O sarcasmo é óbvio. Washington tentou embrulhar o DOGE como uma reforma para aumentar a eficiência, mas o mercado depara-se agora com um problema maior e mais difícil de remediar. À medida que conflitos relacionados com o Irão perturbam o transporte de energia no Estreito de Ormuz, os preços do petróleo dispararam. Os investidores esperavam inicialmente que a situação se acalmasse rapidamente, mas agora está claro que, independentemente de quando o estreito reabrir, este continuará a ser um problema grave e com impacto duradouro. A oferta global de energia é amplamente atingida, e a pressão inflacionista inevitavelmente voltará a subir nos próximos meses. Entretanto, mesmo antes deste salto dos preços do petróleo, a pressão dos preços de importação já se fazia sentir; e uma procura impulsionada pela inteligência artificial elevou ainda mais o preço dos chips de armazenamento, criando pressão nas cadeias de fornecimento de computadores pessoais, smartphones, automóveis e outros produtos eletrónicos.

É precisamente aqui que reside o perigo do quadro atual. O problema da inflação pode voltar a agravar-se, mas as suas causas são difíceis de resolver de forma simples pela Reserva Federal; ao mesmo tempo, a pressão sobre o custo de vida da população continua a ser uma grande questão política. A subida das taxas não consegue reabrir o Estreito de Ormuz, não consegue aumentar de forma repentina a capacidade de memória de acesso aleatório dinâmico (DRAM), nem consegue baixar subitamente os custos dos semicondutores, dos chips de armazenamento e de outros equipamentos — e estes custos estão a ser transmitidos para setores como automóveis e computadores. Estes choques do lado da oferta e os choques geopolíticos chegam a um sistema económico cujo impulso de crescimento já está a enfraquecer.

E é precisamente nisto que reside o verdadeiro significado do quadro de análise D.O.G.E.

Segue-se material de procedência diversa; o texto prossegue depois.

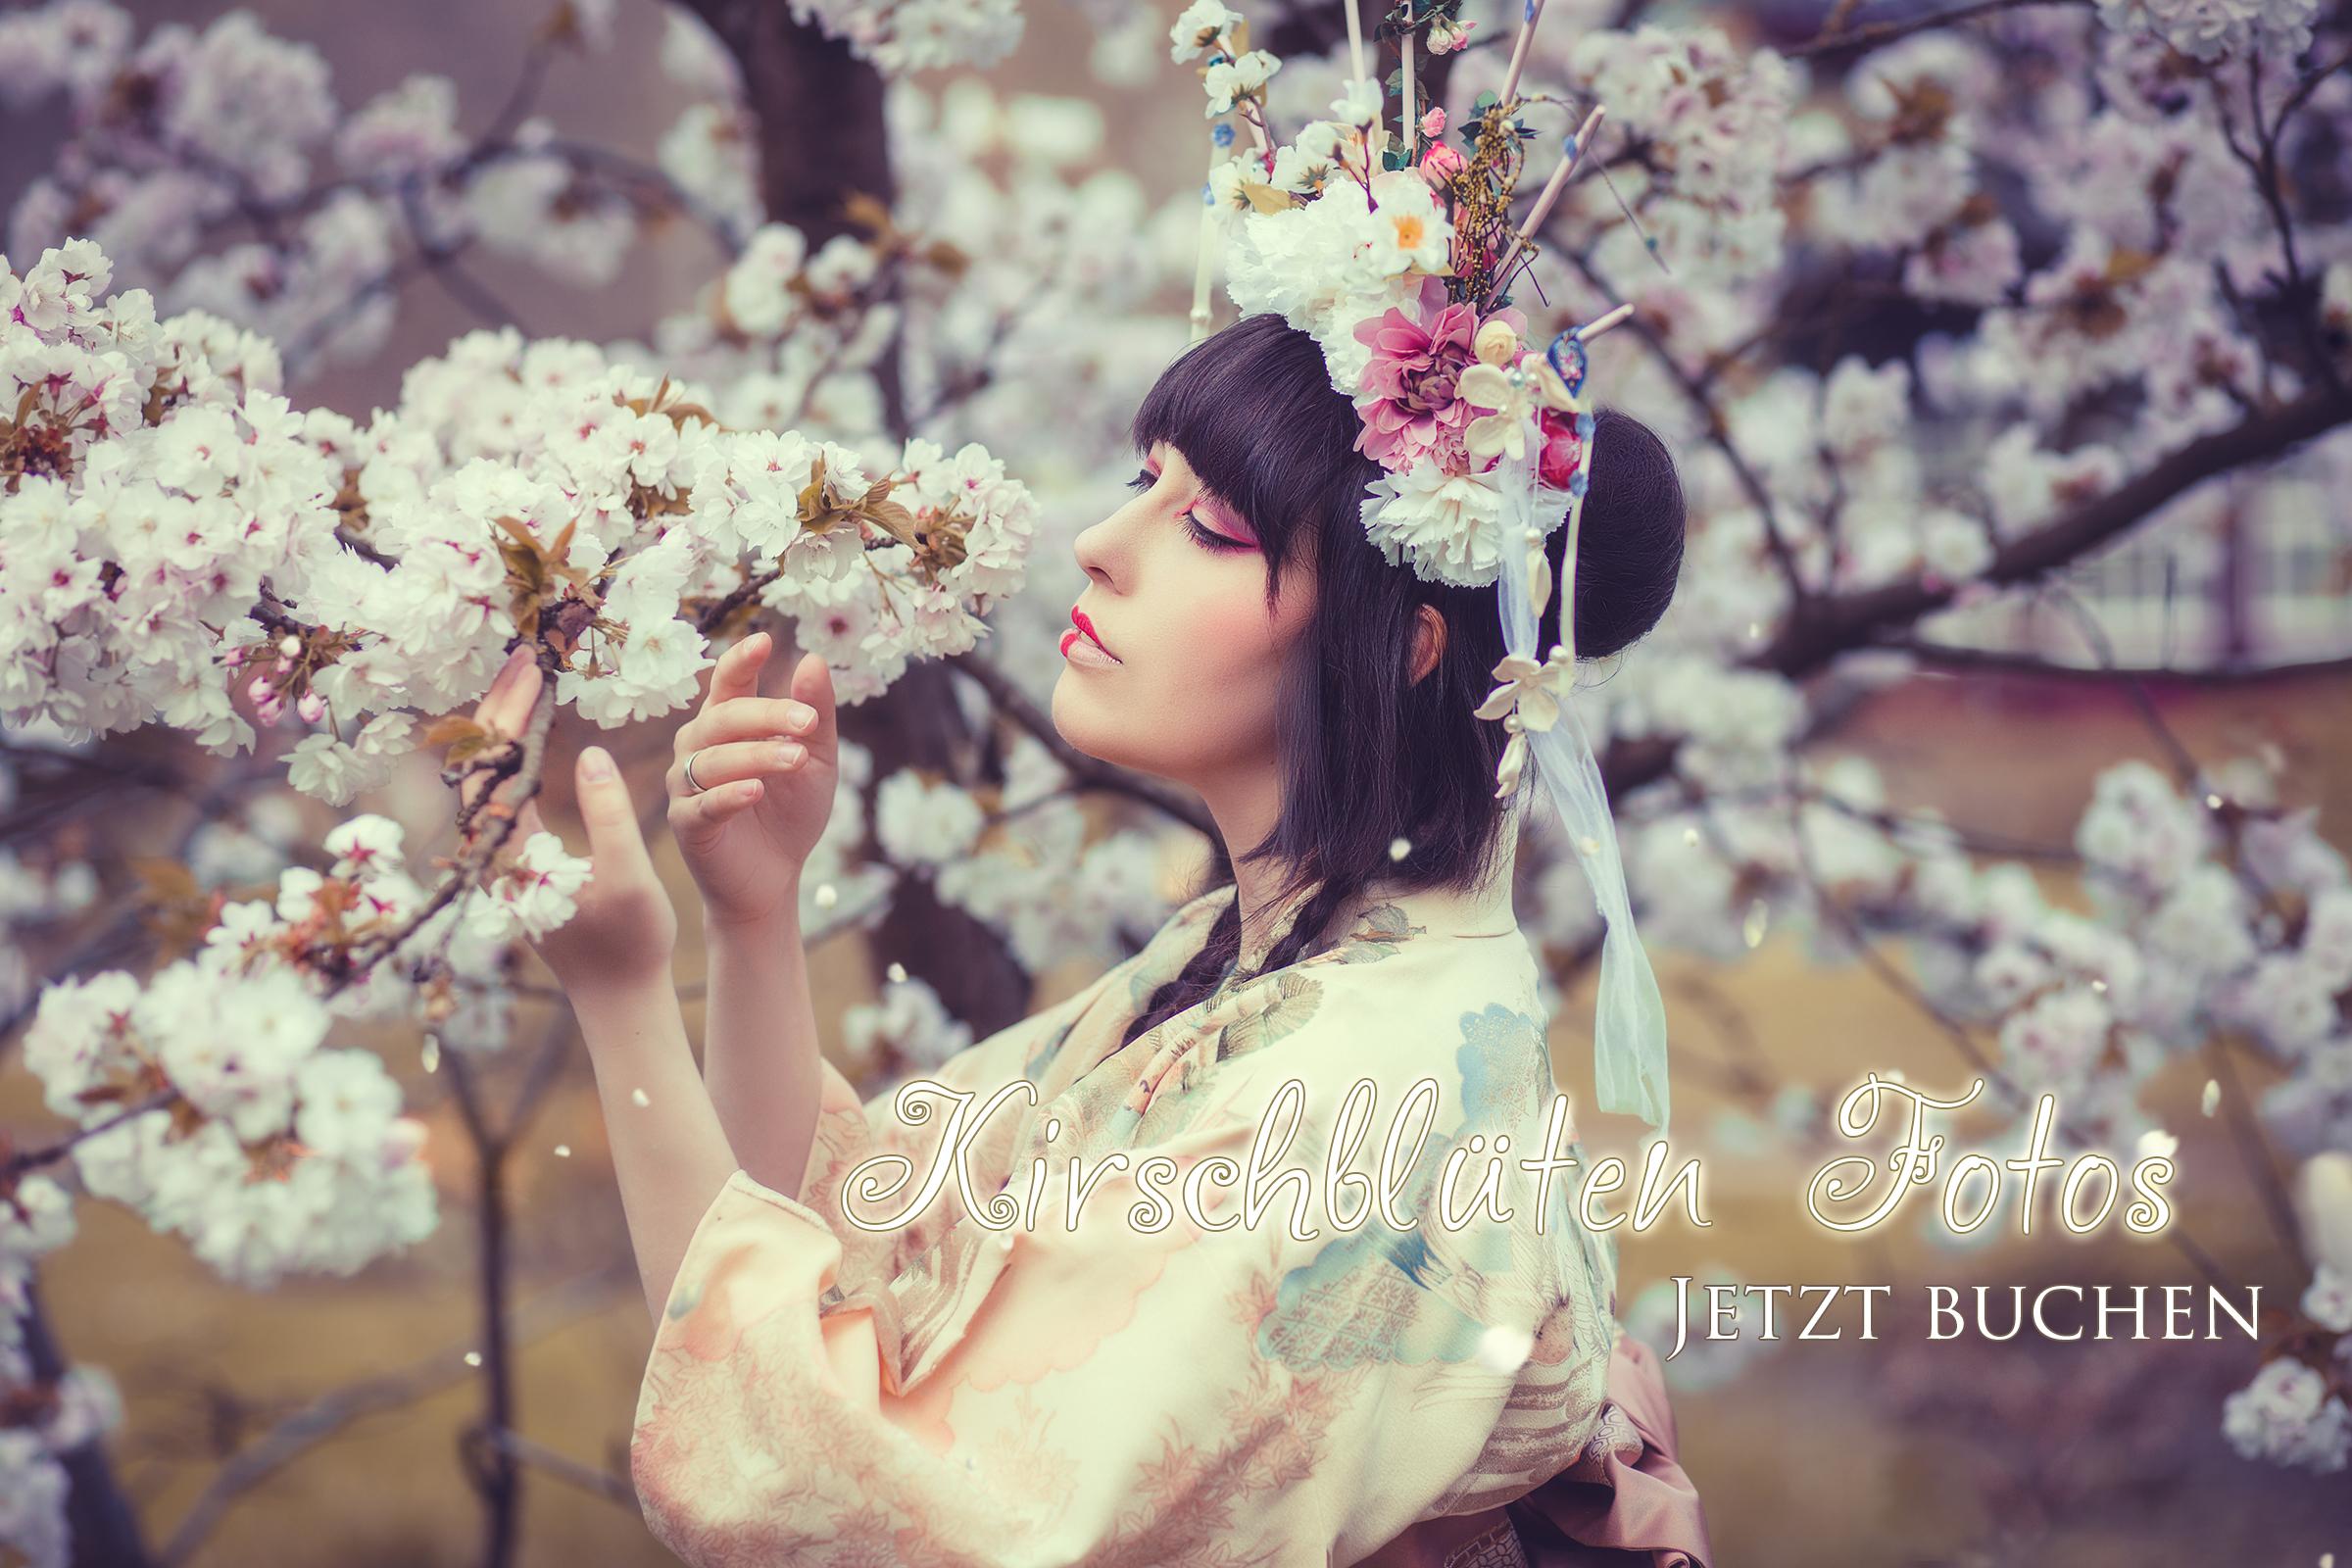 Sylvana-geisha-1-banner
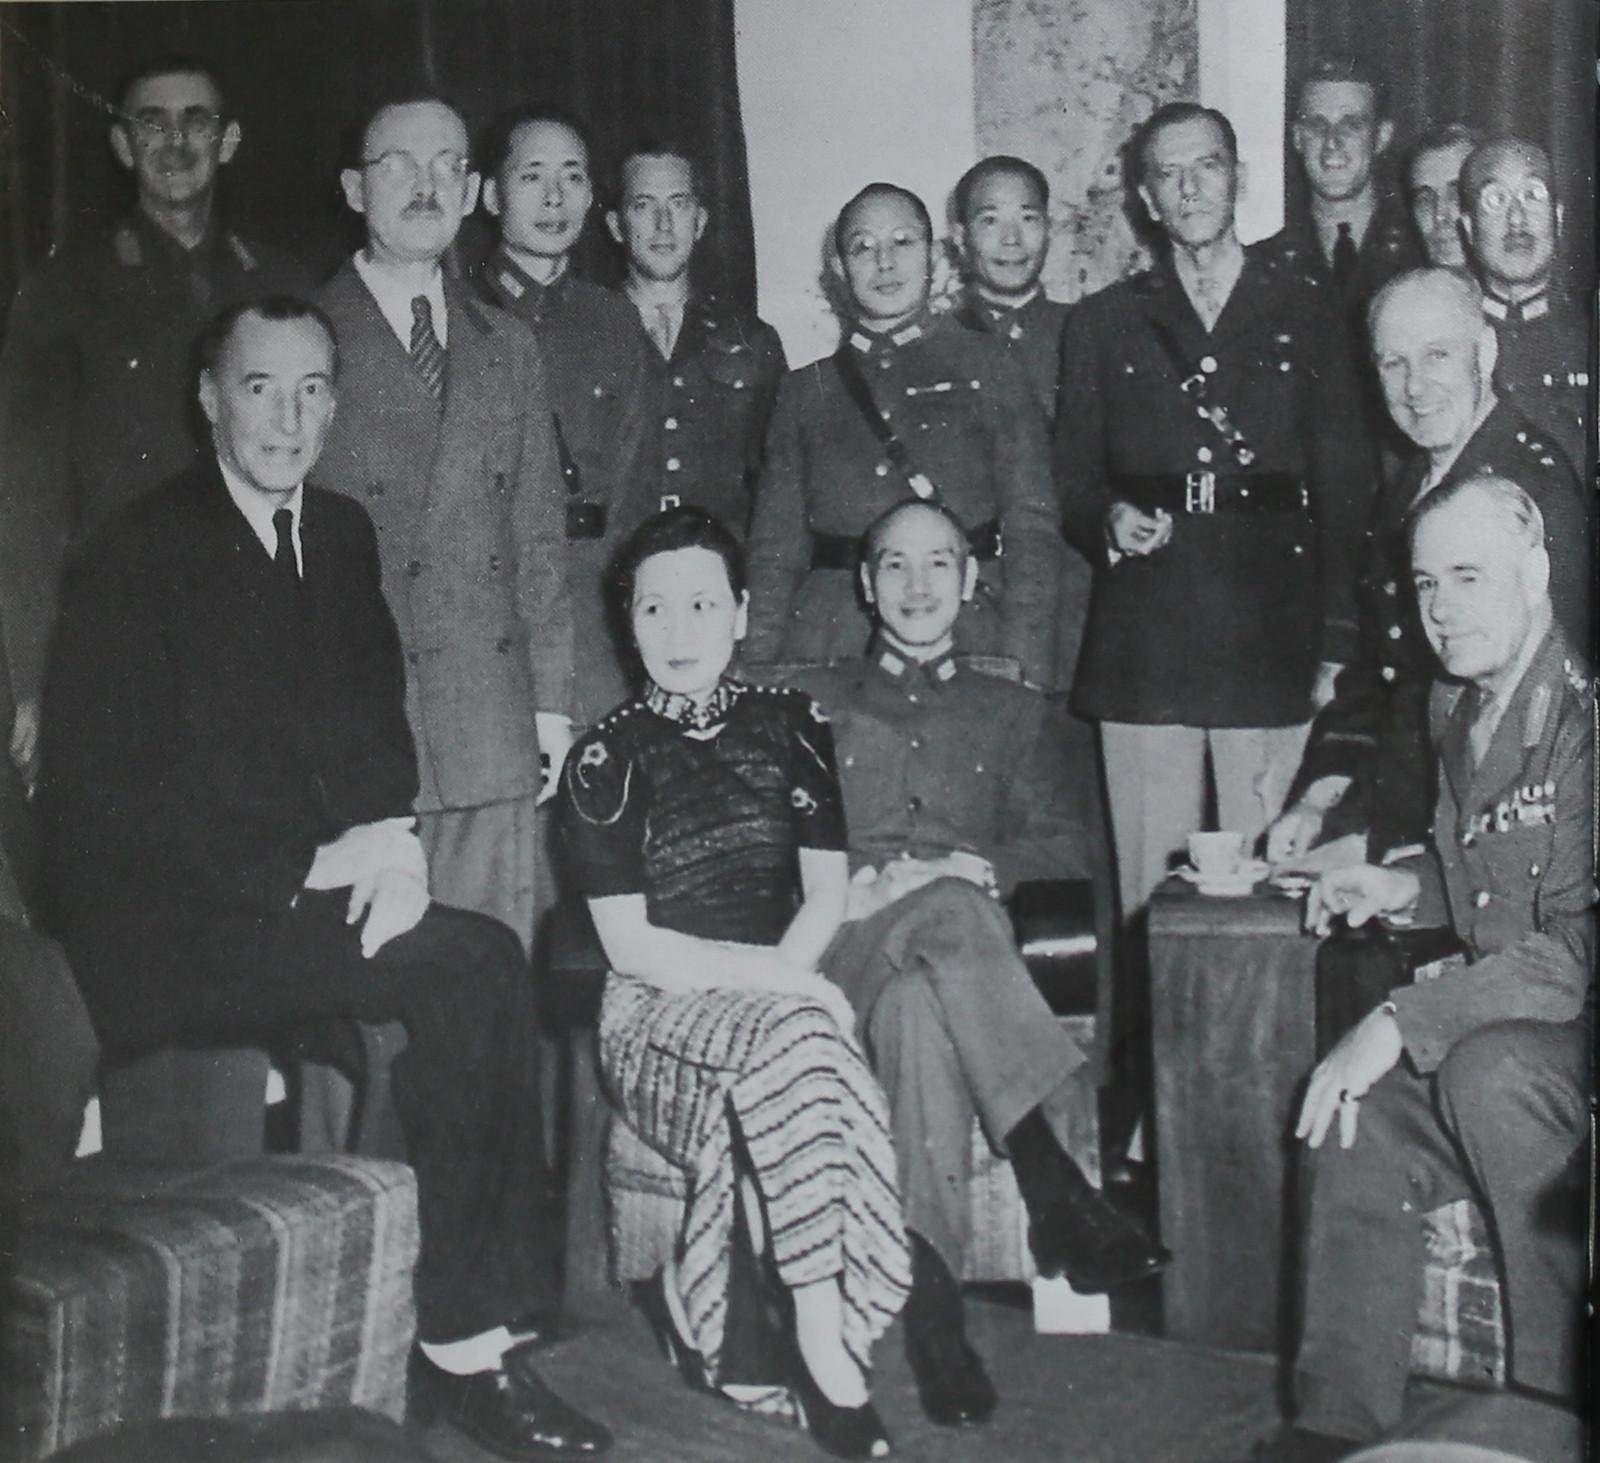 19414p3a0501

  • A dívida é uma restrição estrutural;

  • O petróleo é a origem do choque inflacionista;

  • O crescimento abrandará à medida que a inflação e o ciclo de crédito se deteriorem;

  • O emprego já está fraco, e a Reserva Federal poderá muito rapidamente ter de pender para a dimensão do emprego no seu duplo mandato.

Primeiro, vejamos a dívida: é a dívida que torna este ciclo totalmente diferente da inflação impulsionada pelo petróleo na década de 70 do século passado. Em 1970, a dívida federal total dos EUA era cerca de 35,5% do PIB; em 1979 desceu para 31,6%. Hoje, com base em dados comparáveis do St. Louis Fed (FRED), esta proporção já atingiu 122,5%. Mesmo antes da crise financeira global, esta taxa era muito inferior aos níveis atuais. Isto significa que os EUA enfrentam a possível ocorrência de uma segunda vaga de inflação e que a carga da sua dívida é cerca de quatro vezes a do final da década de 70. Só este ponto muda completamente o limite até ao qual todo o sistema financeiro consegue suportar a dor.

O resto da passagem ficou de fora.